== Dataset content

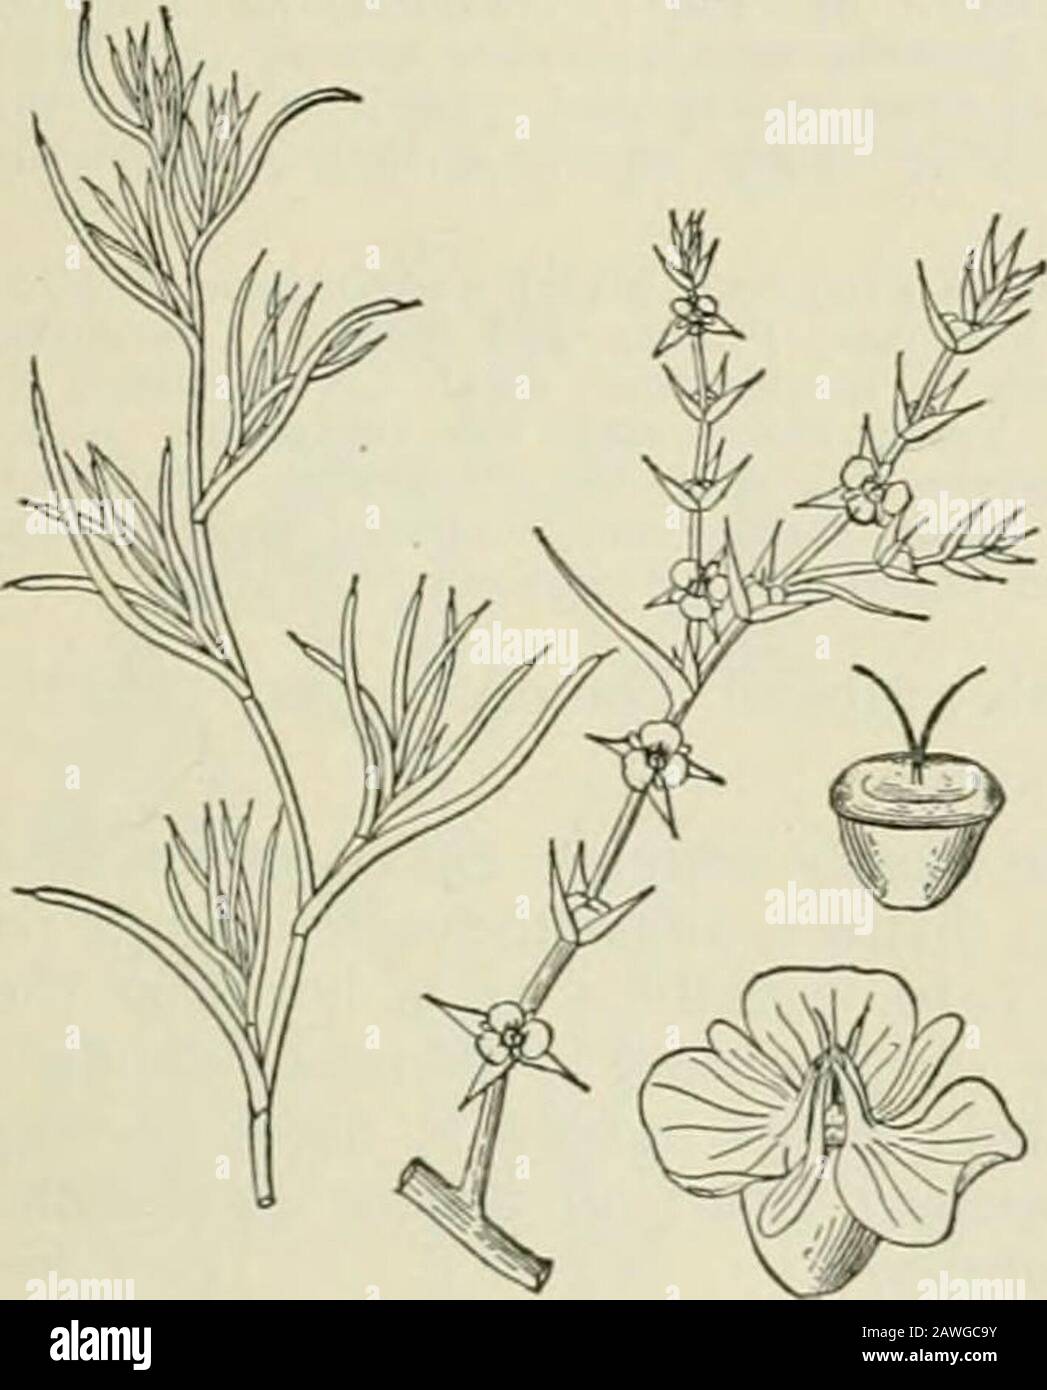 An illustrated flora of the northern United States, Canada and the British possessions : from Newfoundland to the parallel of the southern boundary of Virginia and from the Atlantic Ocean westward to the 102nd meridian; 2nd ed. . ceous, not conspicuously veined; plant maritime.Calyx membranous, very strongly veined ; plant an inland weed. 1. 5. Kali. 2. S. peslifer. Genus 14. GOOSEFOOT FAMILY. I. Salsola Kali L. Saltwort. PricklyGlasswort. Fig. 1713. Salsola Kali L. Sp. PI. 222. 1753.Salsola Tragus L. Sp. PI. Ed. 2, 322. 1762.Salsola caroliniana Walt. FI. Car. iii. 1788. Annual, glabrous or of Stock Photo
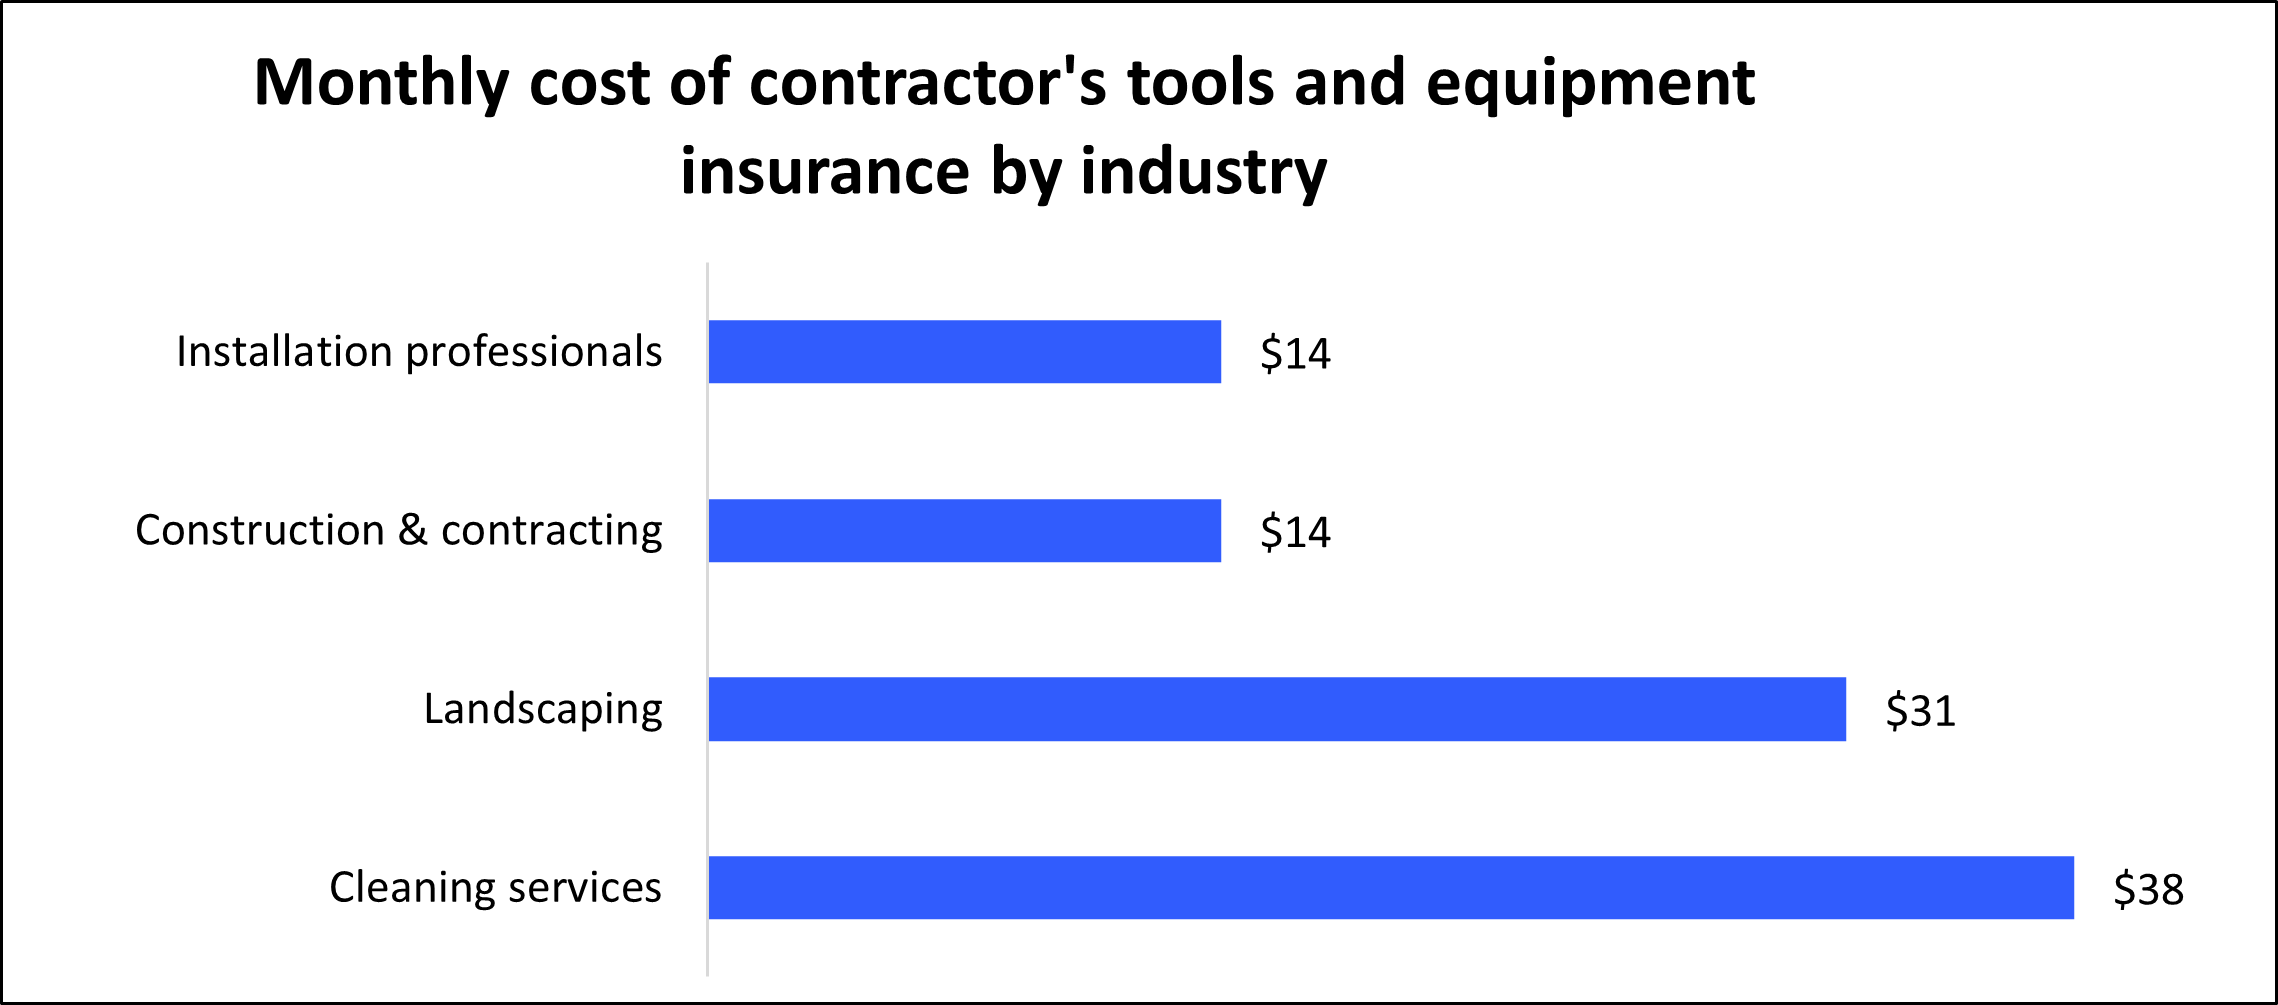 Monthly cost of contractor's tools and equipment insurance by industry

====
== Dataset content

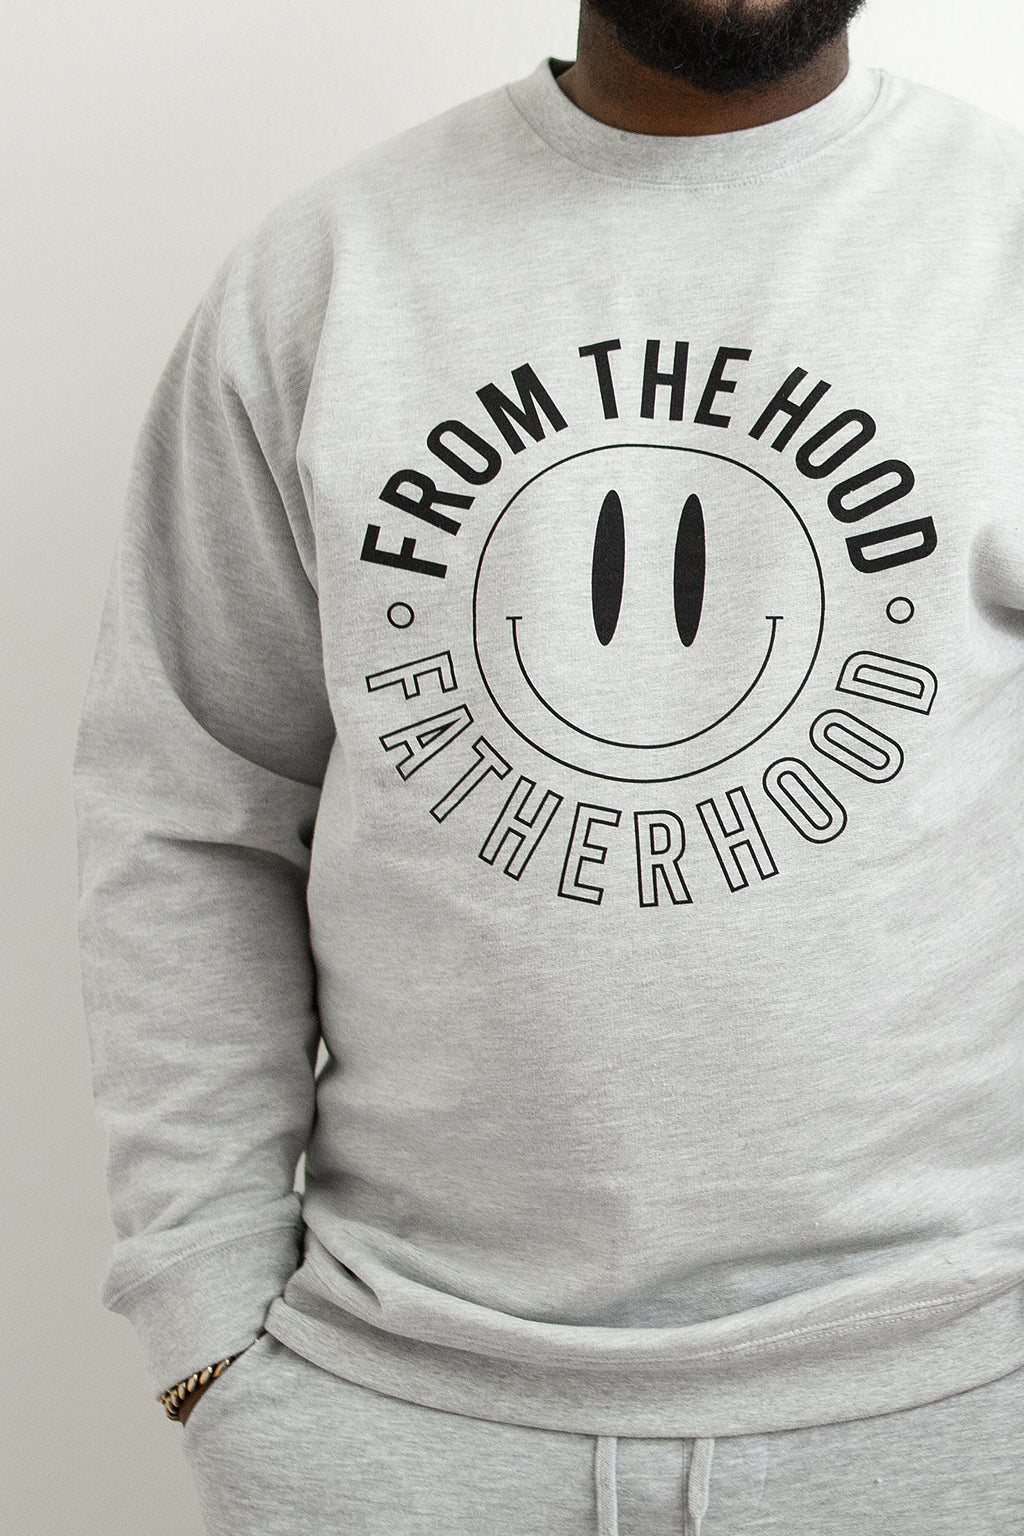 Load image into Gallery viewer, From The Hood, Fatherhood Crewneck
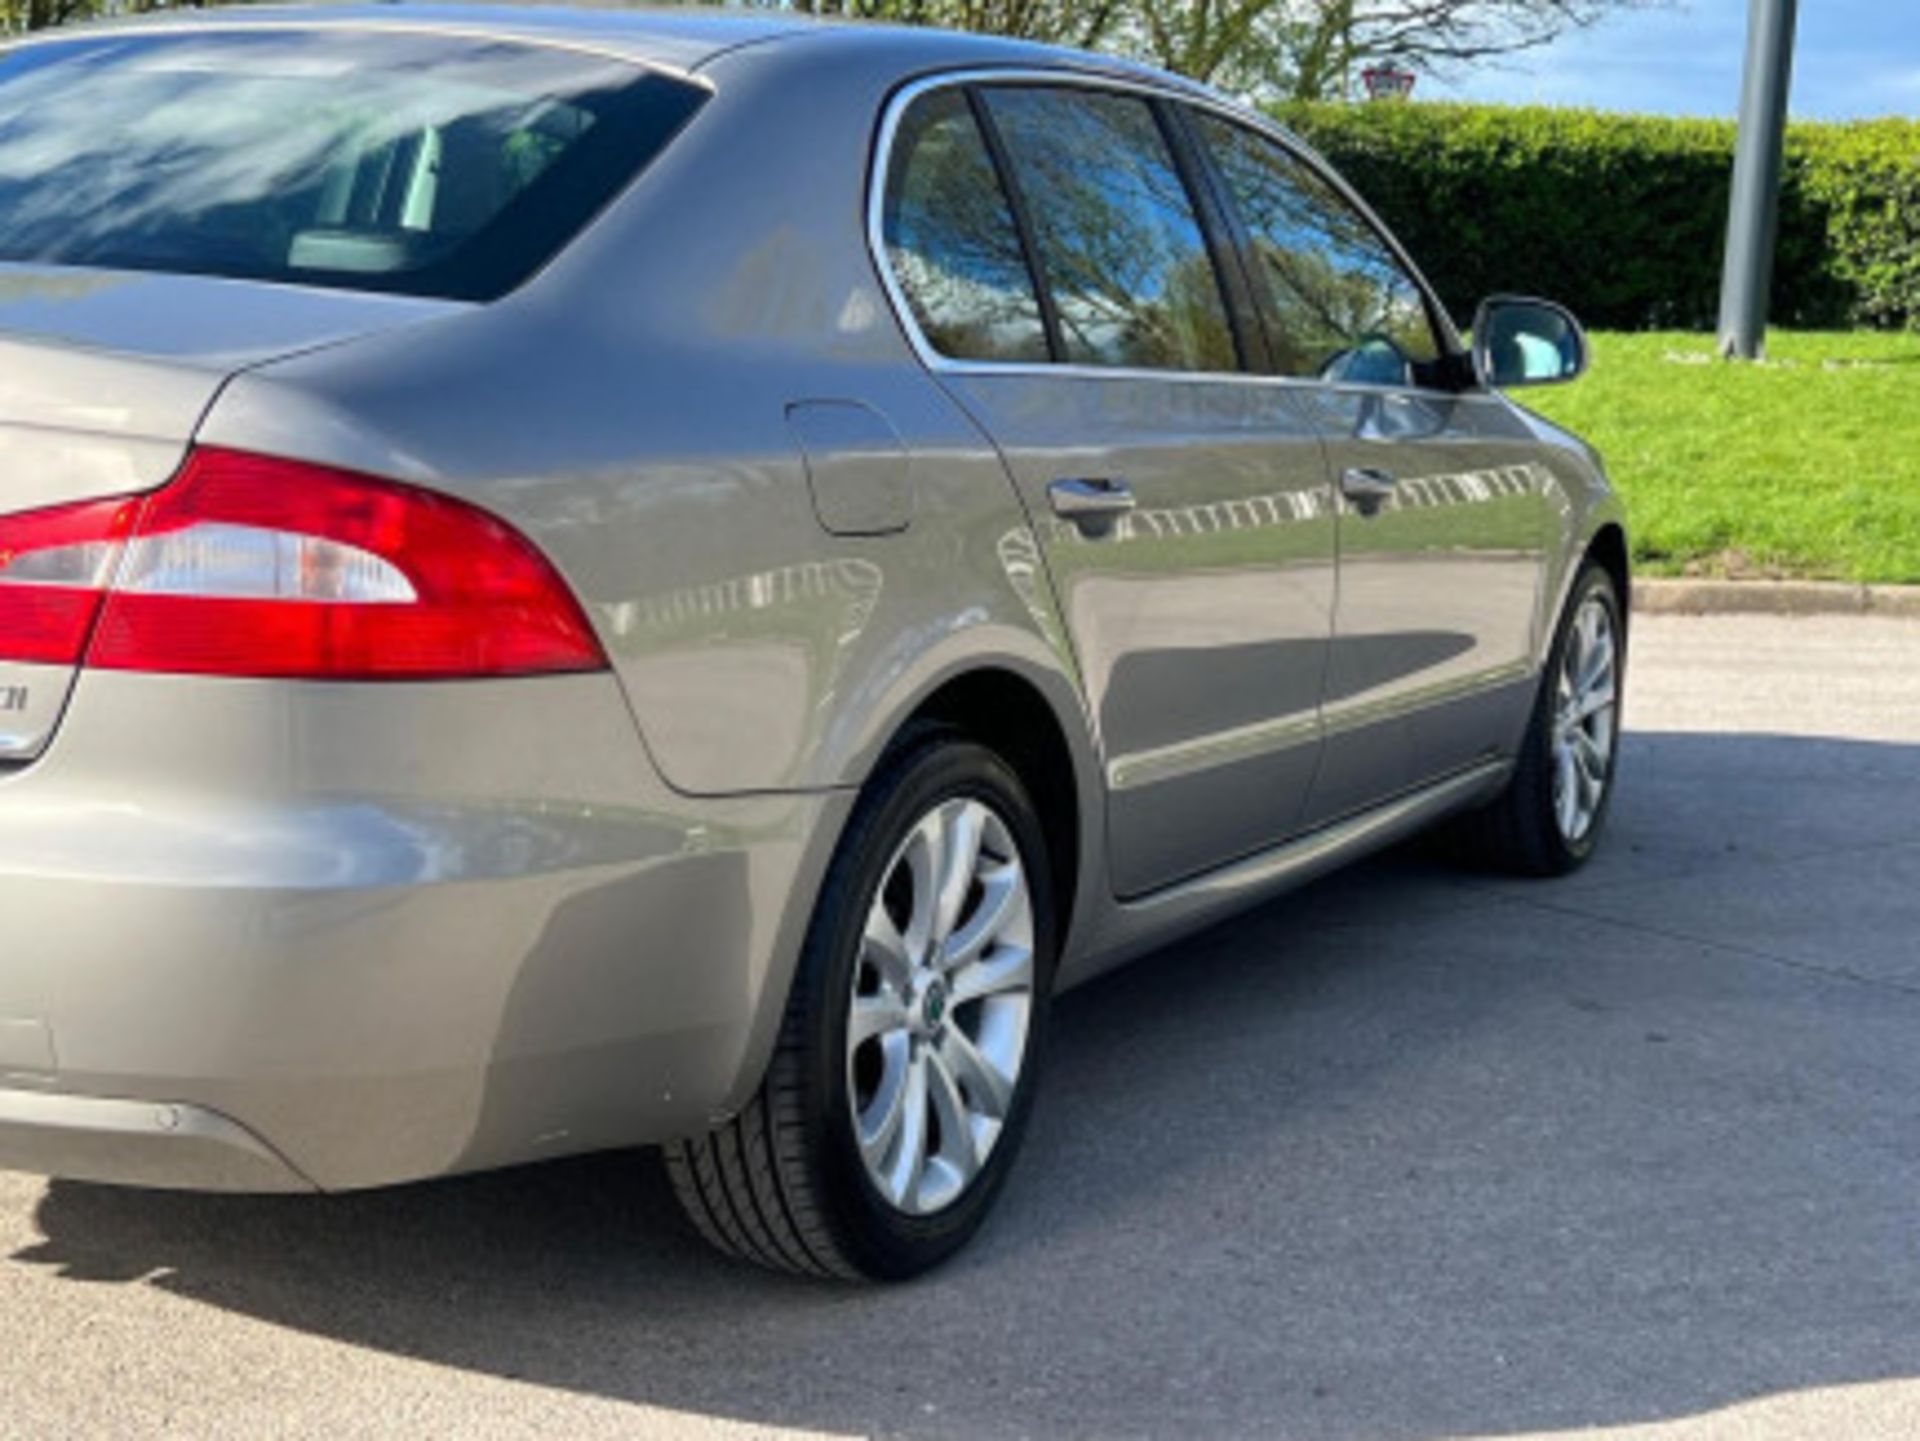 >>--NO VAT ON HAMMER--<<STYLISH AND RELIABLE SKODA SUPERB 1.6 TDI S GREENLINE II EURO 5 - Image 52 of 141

====

Task item
Of all the material above, only the lines from the one that has "Load image into" down to the one that has "Image 52 of 141" are to be written out, exactly and with both ends included. Pictures are skipped.

Answer section
 Load image into Gallery viewer, From The Hood, Fatherhood Crewneck
 >>--NO VAT ON HAMMER--<<STYLISH AND RELIABLE SKODA SUPERB 1.6 TDI S GREENLINE II EURO 5 - Image 52 of 141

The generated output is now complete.